▶ _PROVIDED DATA_
★ ★ ★ ★ ★ ★ ★

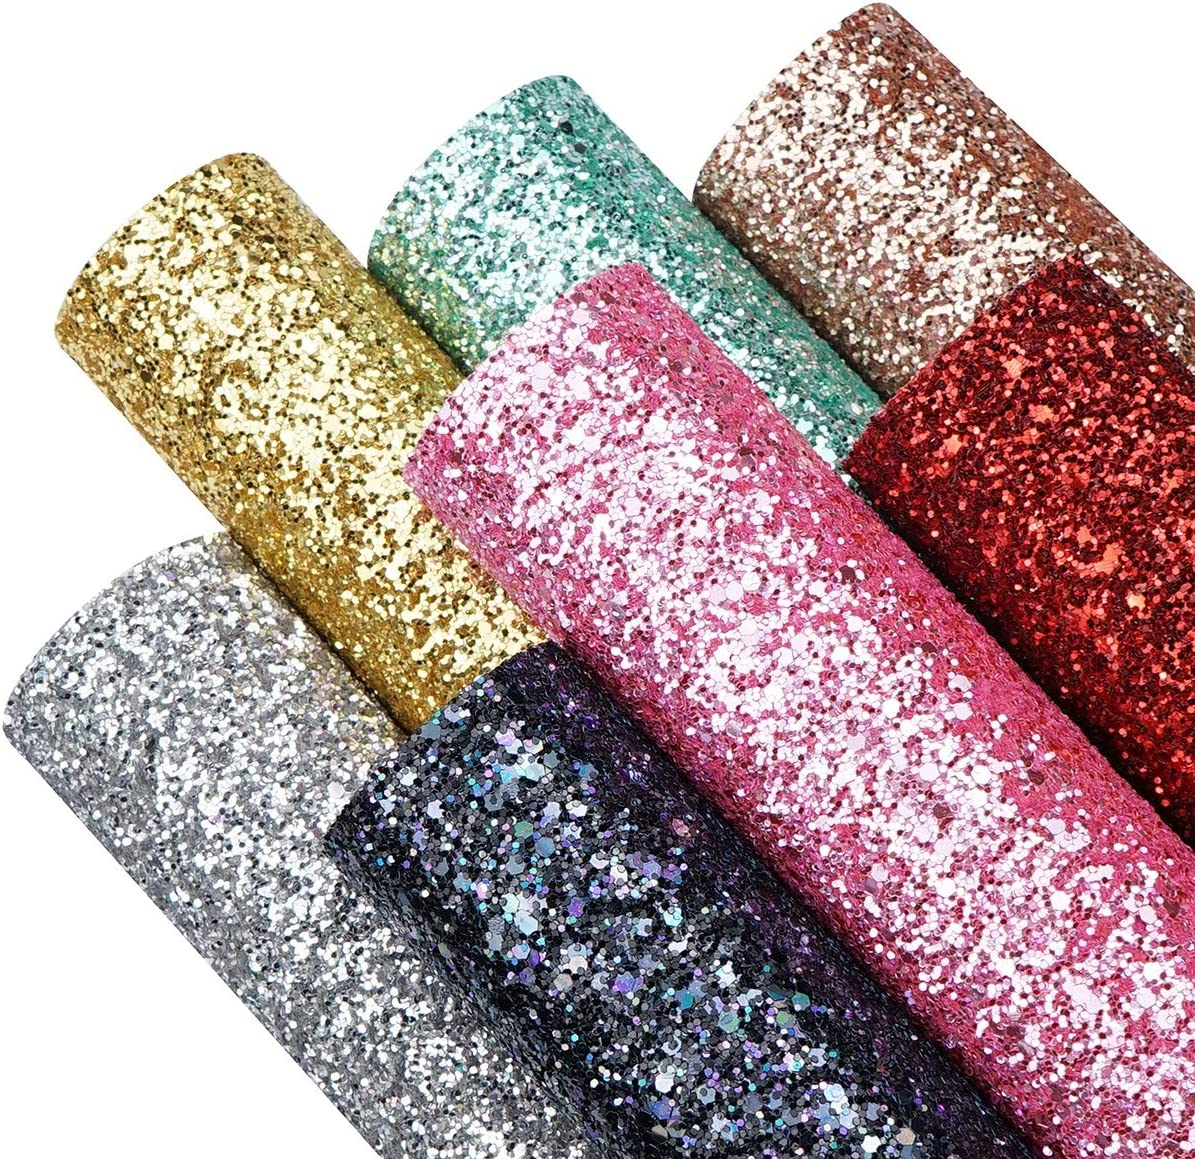 MATTE Fuchsia Chunky Glitter Fabric Sheet-Faux Leather Sheet-Glitter Fabric Sheet-A4 or A5 Glitter Fabric Leather-DIY Hair Bows 1mm Thick
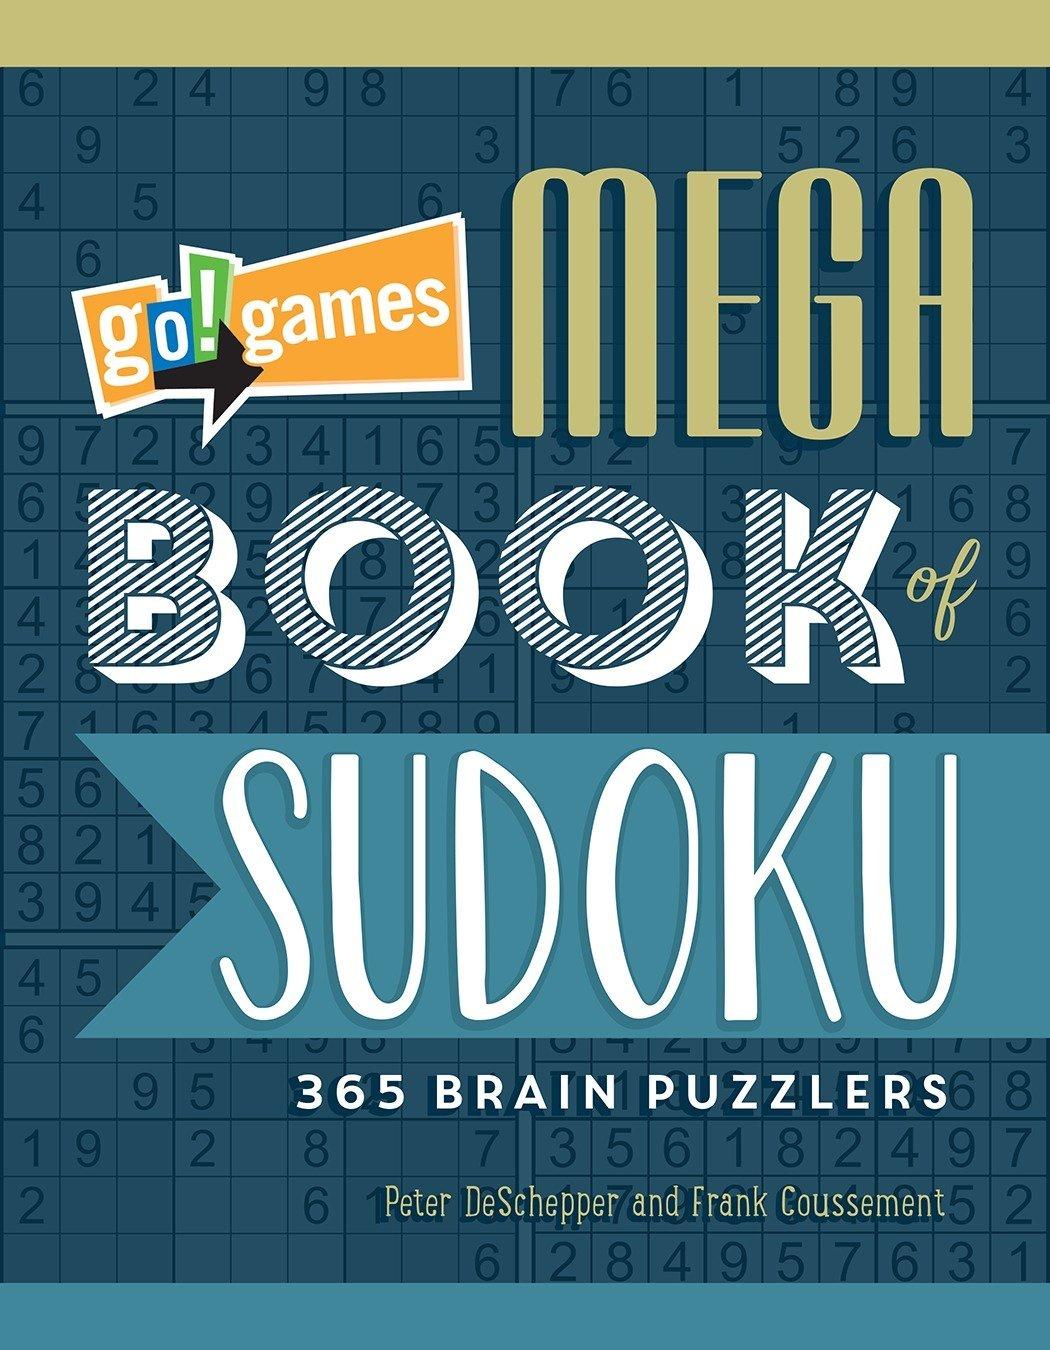 Go!Games Mega Book of Sudoku: 365 Brain Puzzlers ebook
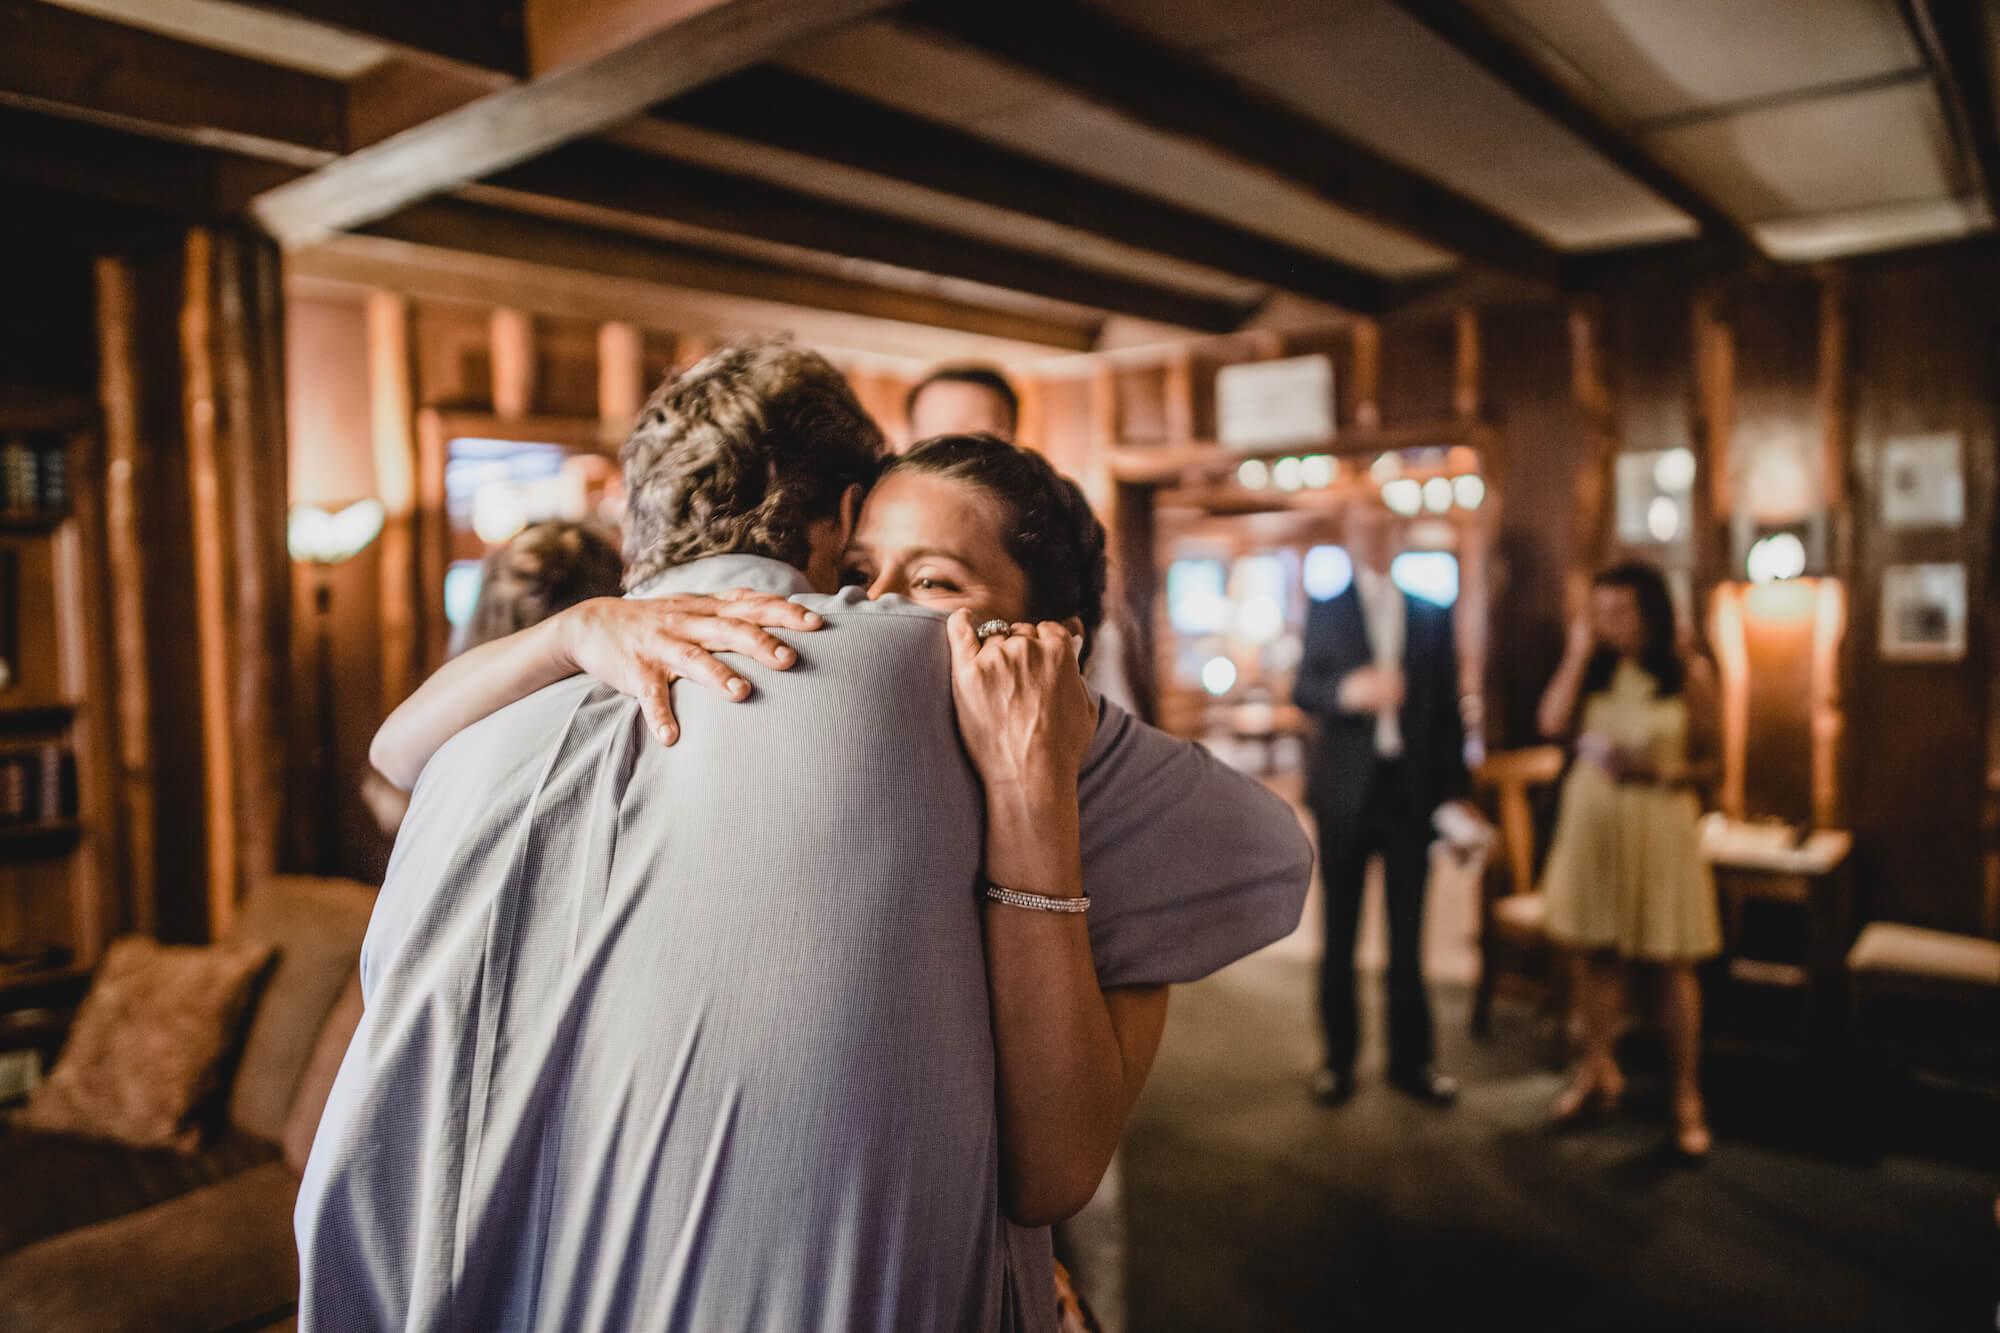 engle-olson-maddy-pat-mn-wedding-photography-27.jpg
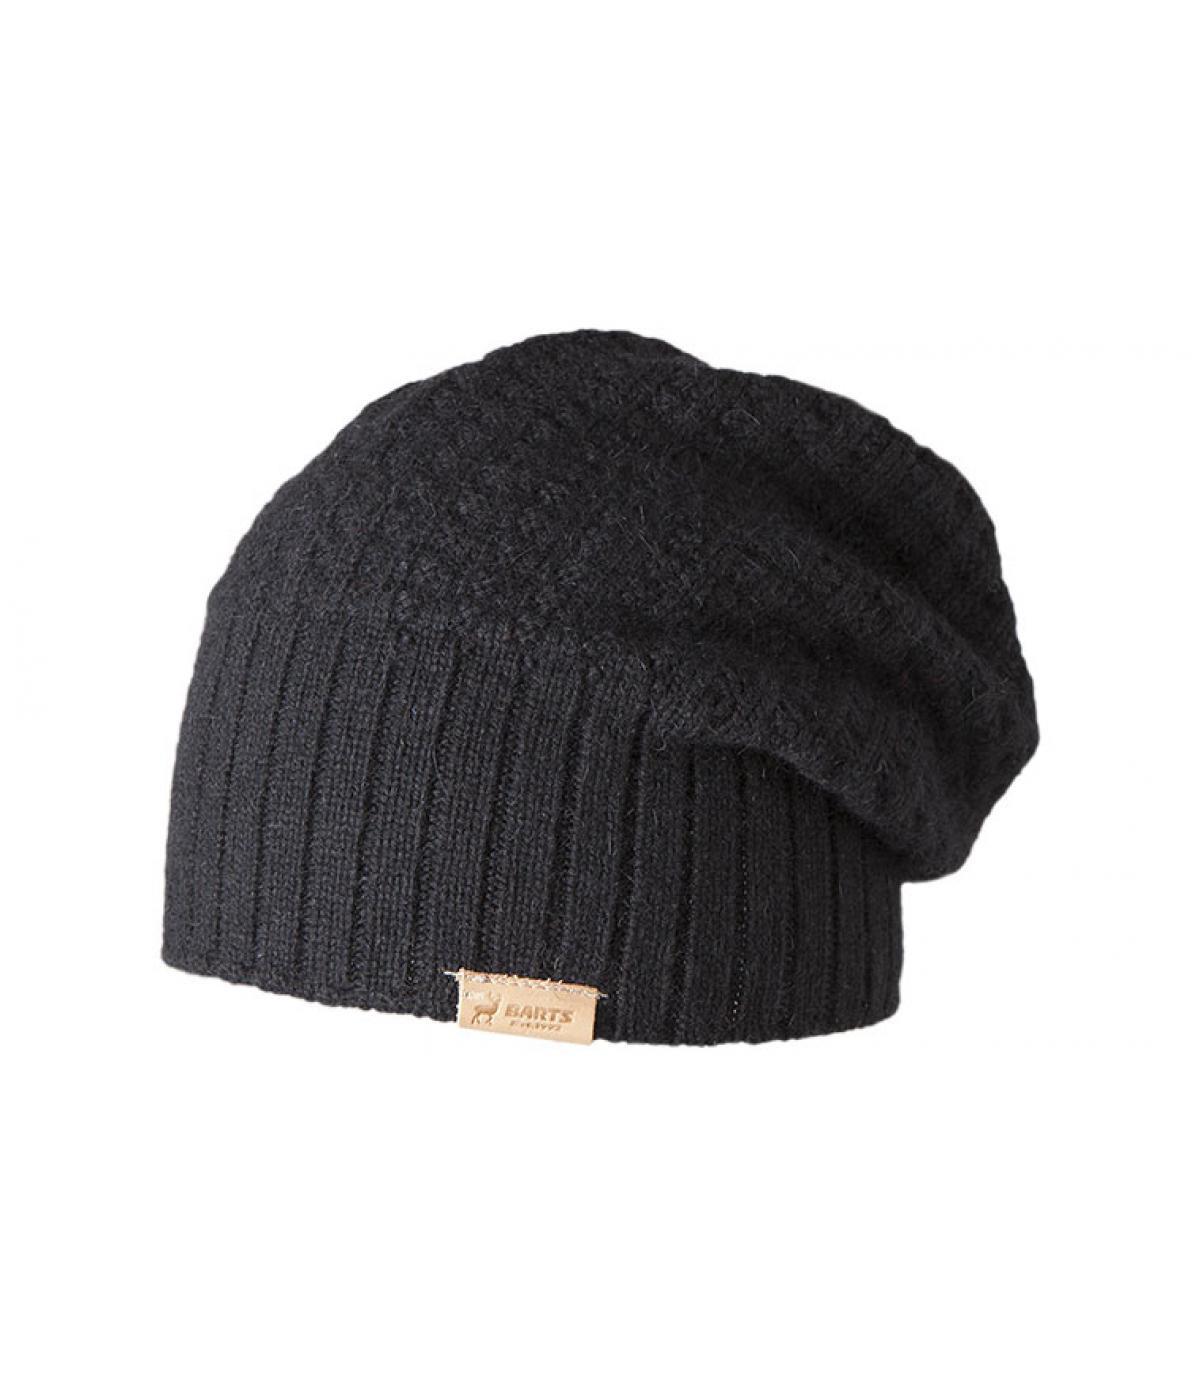 Details Schwarze Mütze Hudson  - Abbildung 3

★ ★ ★ ★ ★ ★ ★

▶ _WHAT IS BEING ASKED_
From the line holding "Go!Games Mega Book" through the last line of the material above, each line should be written out exactly, both included; omit the pictures.

▶ _SOLUTION TO THE PROBLEM_
 Go!Games Mega Book of Sudoku: 365 Brain Puzzlers ebook
 engle-olson-maddy-pat-mn-wedding-photography-27.jpg
 Details Schwarze Mütze Hudson  - Abbildung 3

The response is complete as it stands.